** Opening Supplied material block **

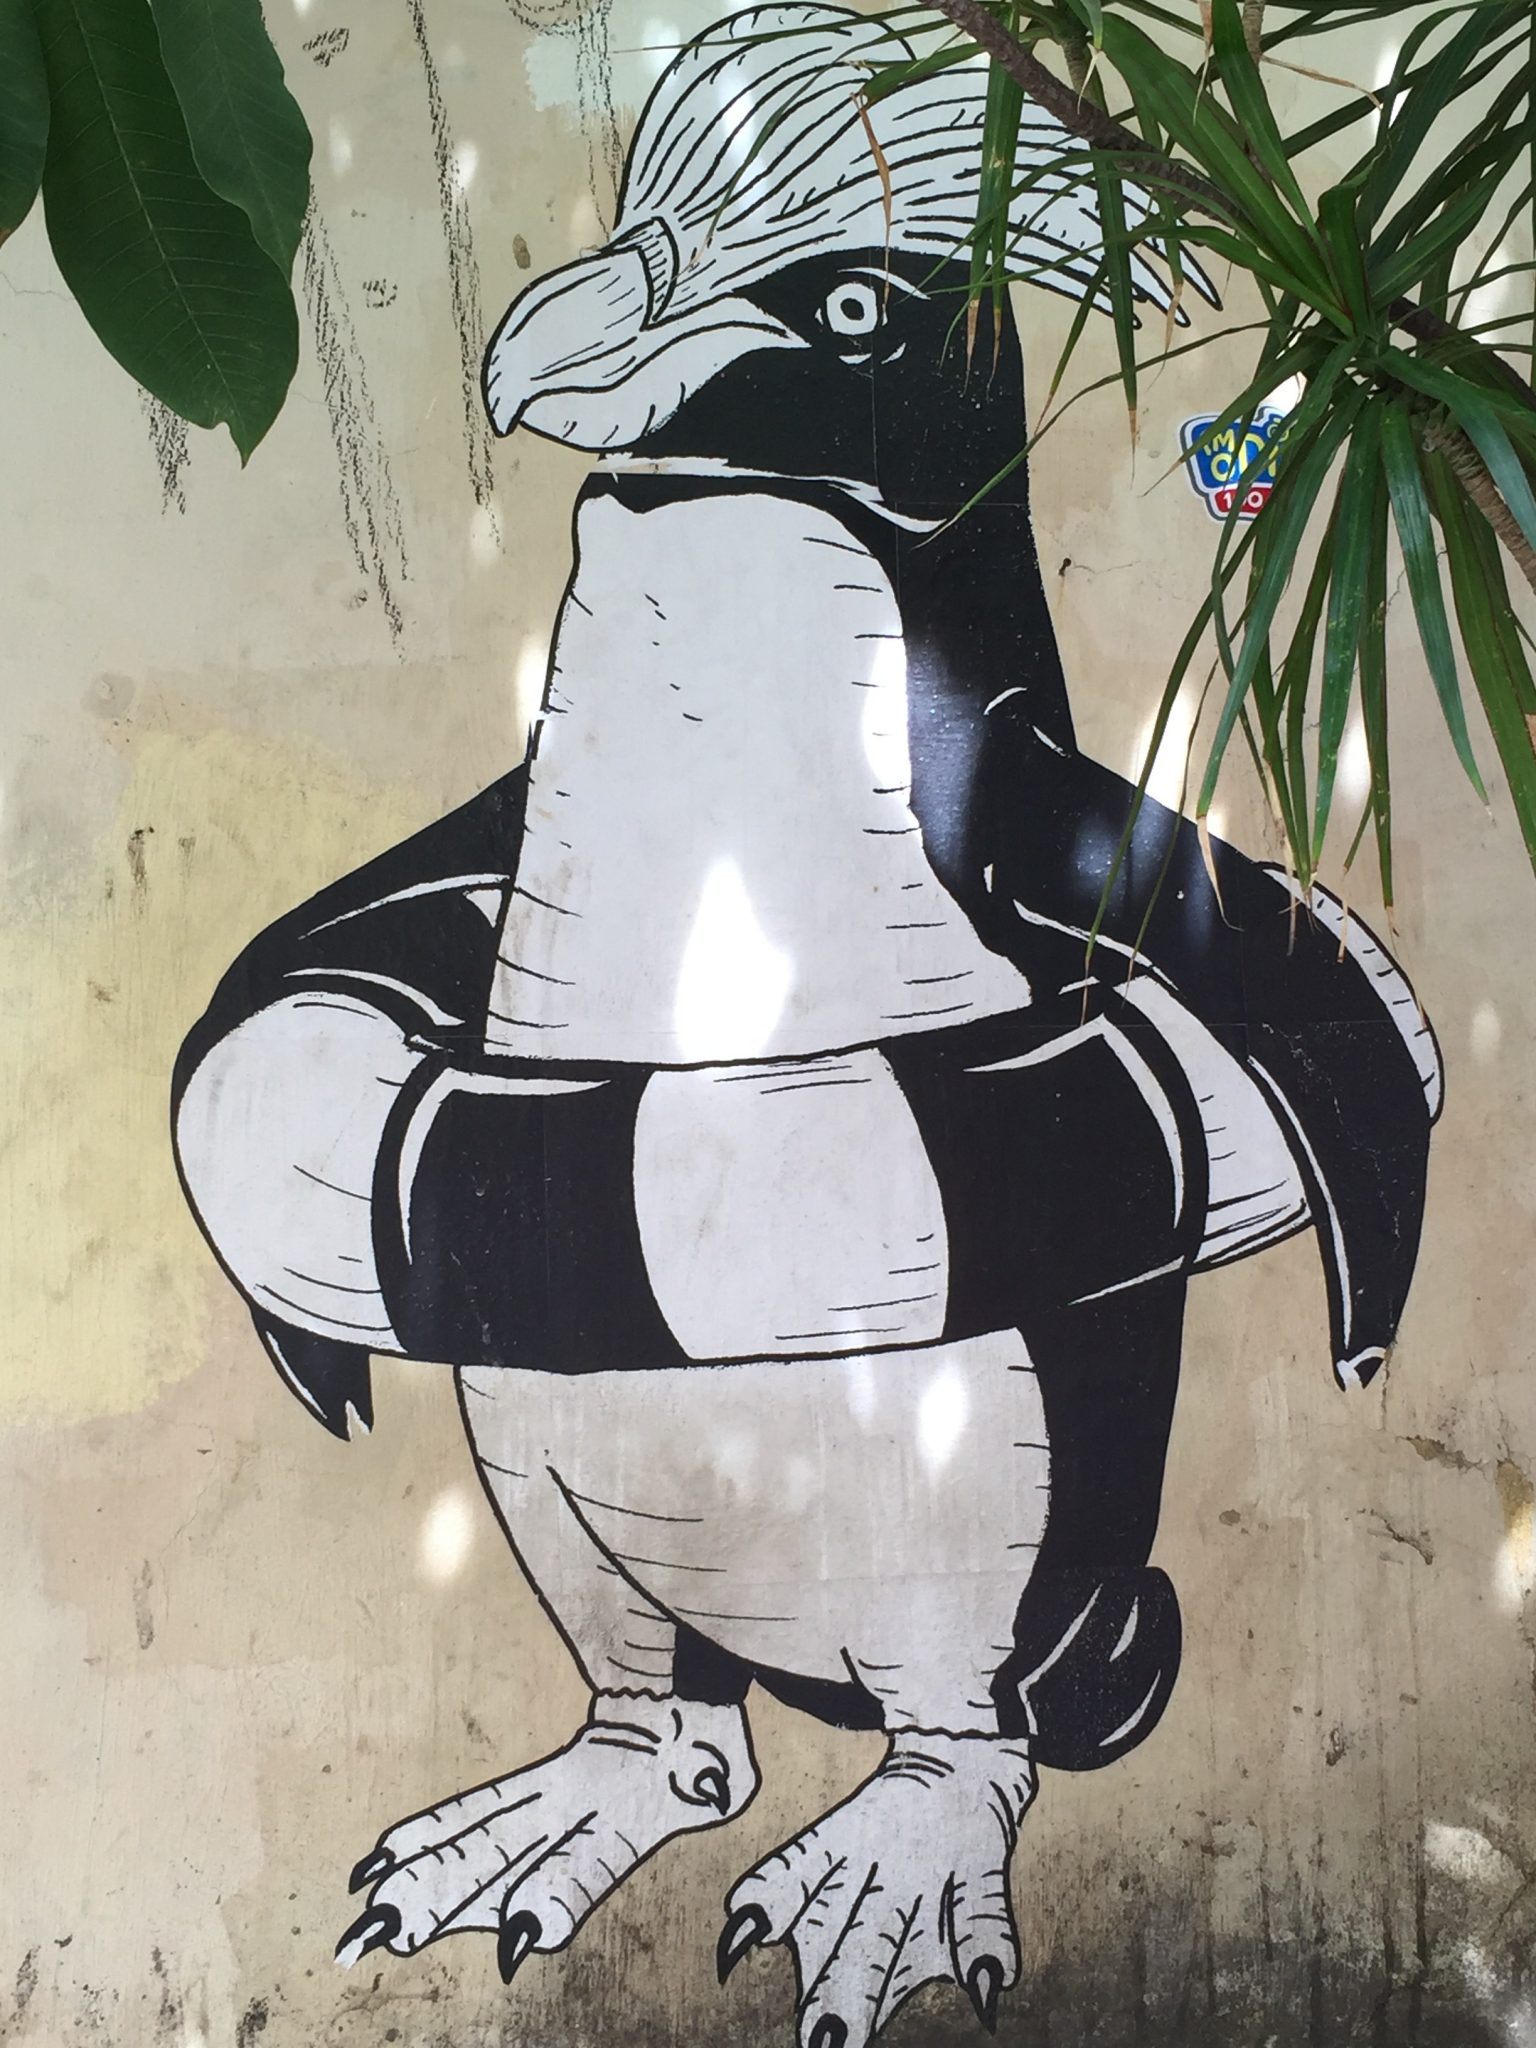 Penguin in a life preserver, in the Santa Teresa neighborhood of Rio de Janeiro. Photo: Peg Malloy
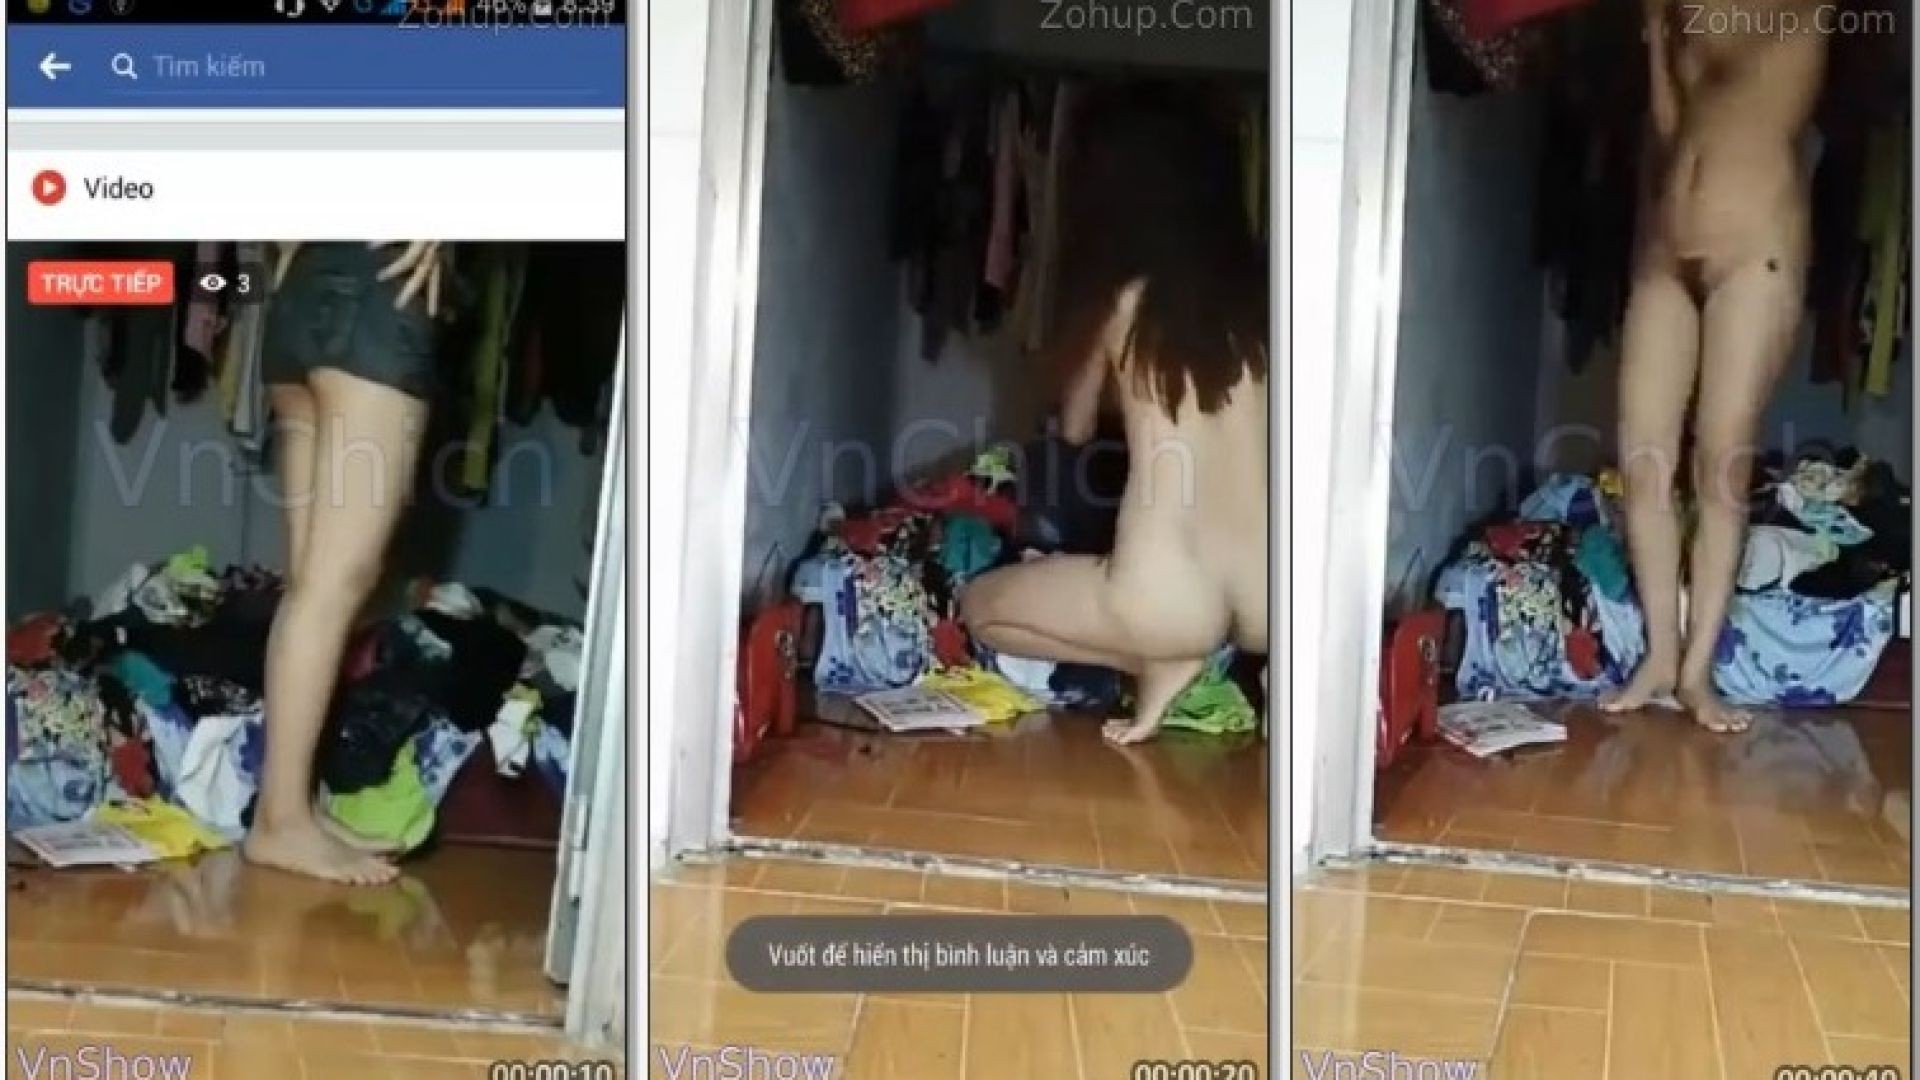 [VnShow] Em trang nguyên bị người yêu tung clip sex thủ dâm trên facebook live
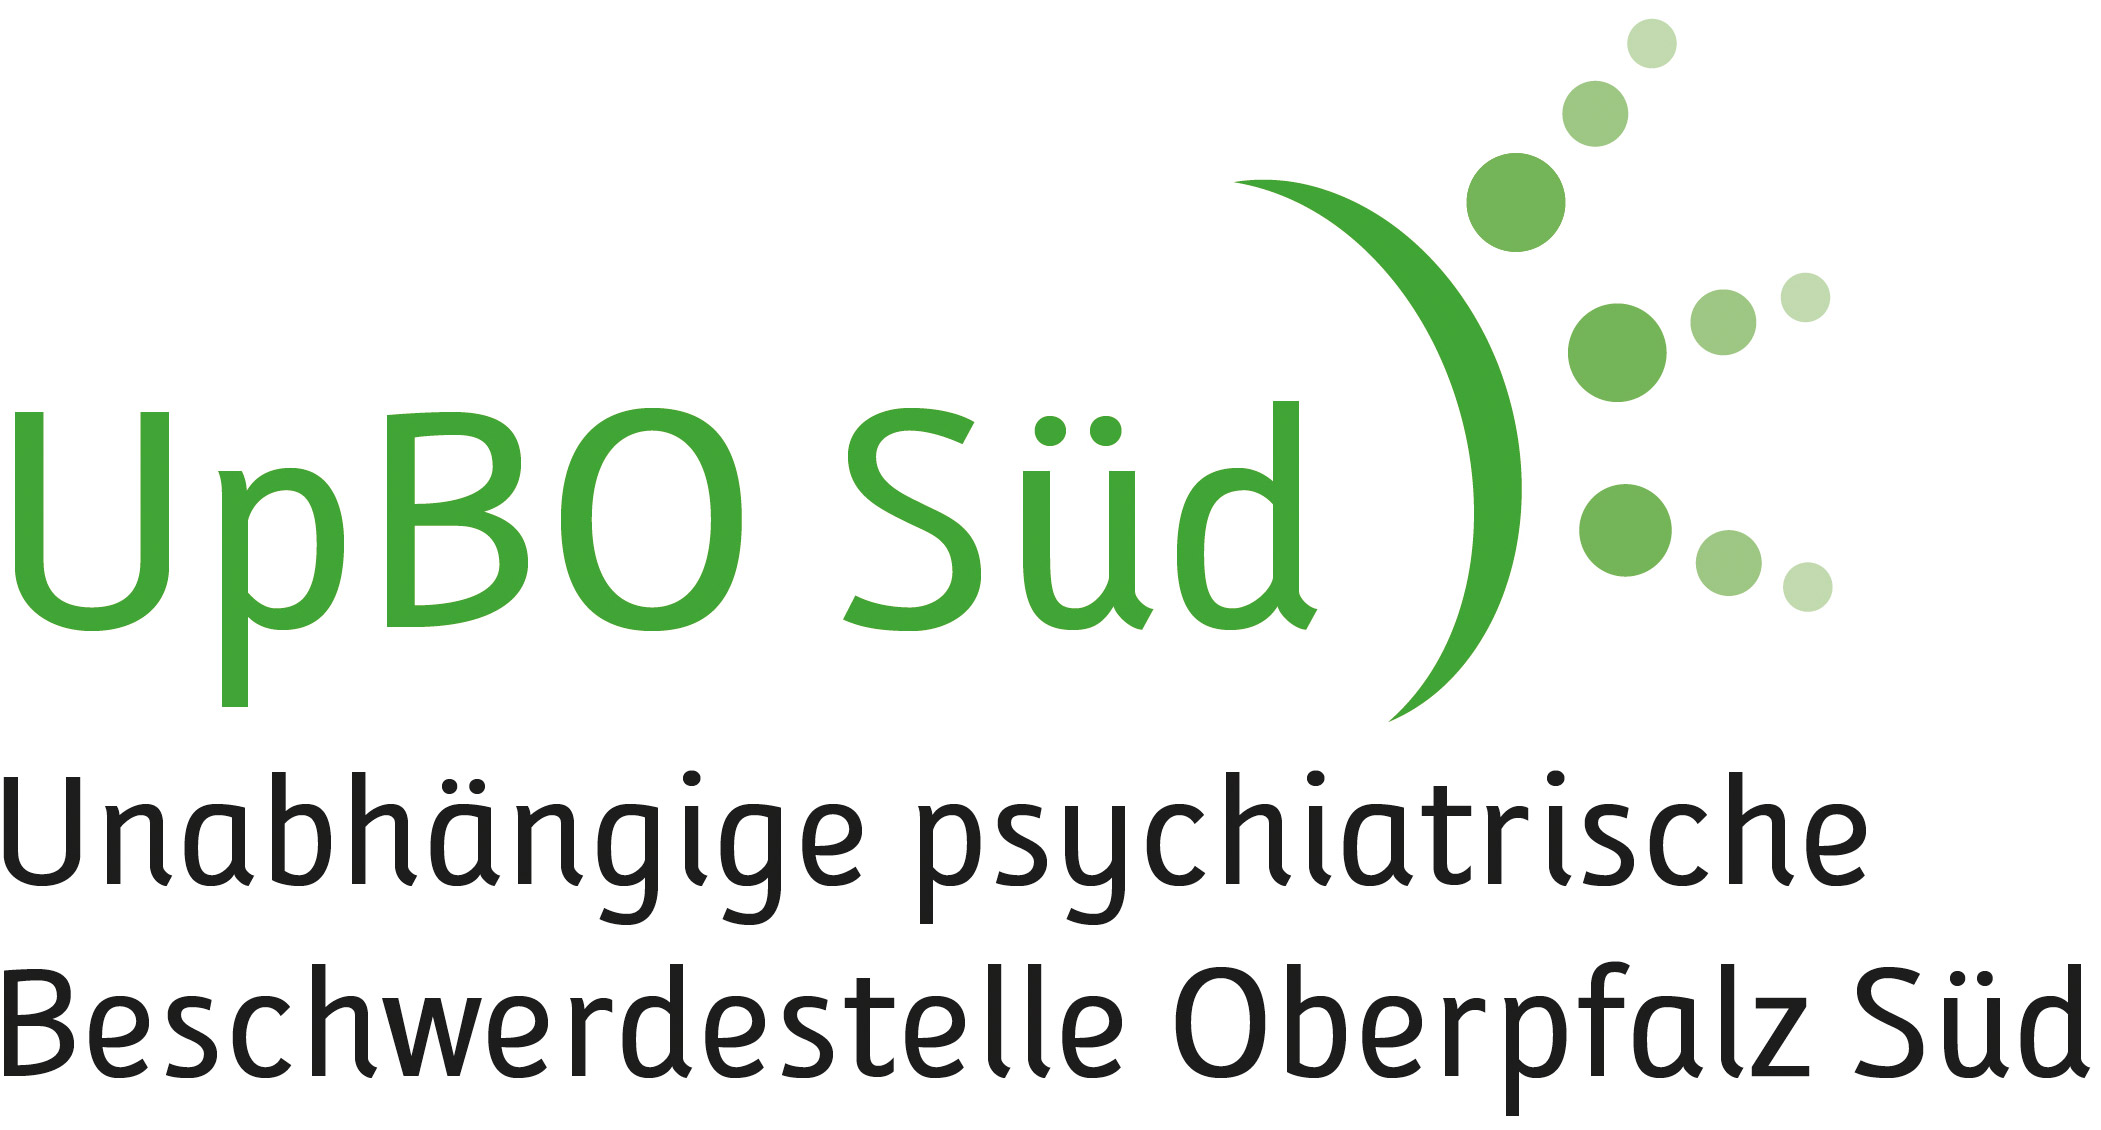 Unabhängige psychiatrische Beschwerdestelle Oberpfalz Süd

** Closing Supplied material block **

§ **Your objective**: Every line of the material must be reproduced verbatim; the pictures are to be omitted.

§ **Solution**:
 Penguin in a life preserver, in the Santa Teresa neighborhood of Rio de Janeiro. Photo: Peg Malloy
 [VnShow] Em trang nguyên bị người yêu tung clip sex thủ dâm trên facebook live
 Unabhängige psychiatrische Beschwerdestelle Oberpfalz Süd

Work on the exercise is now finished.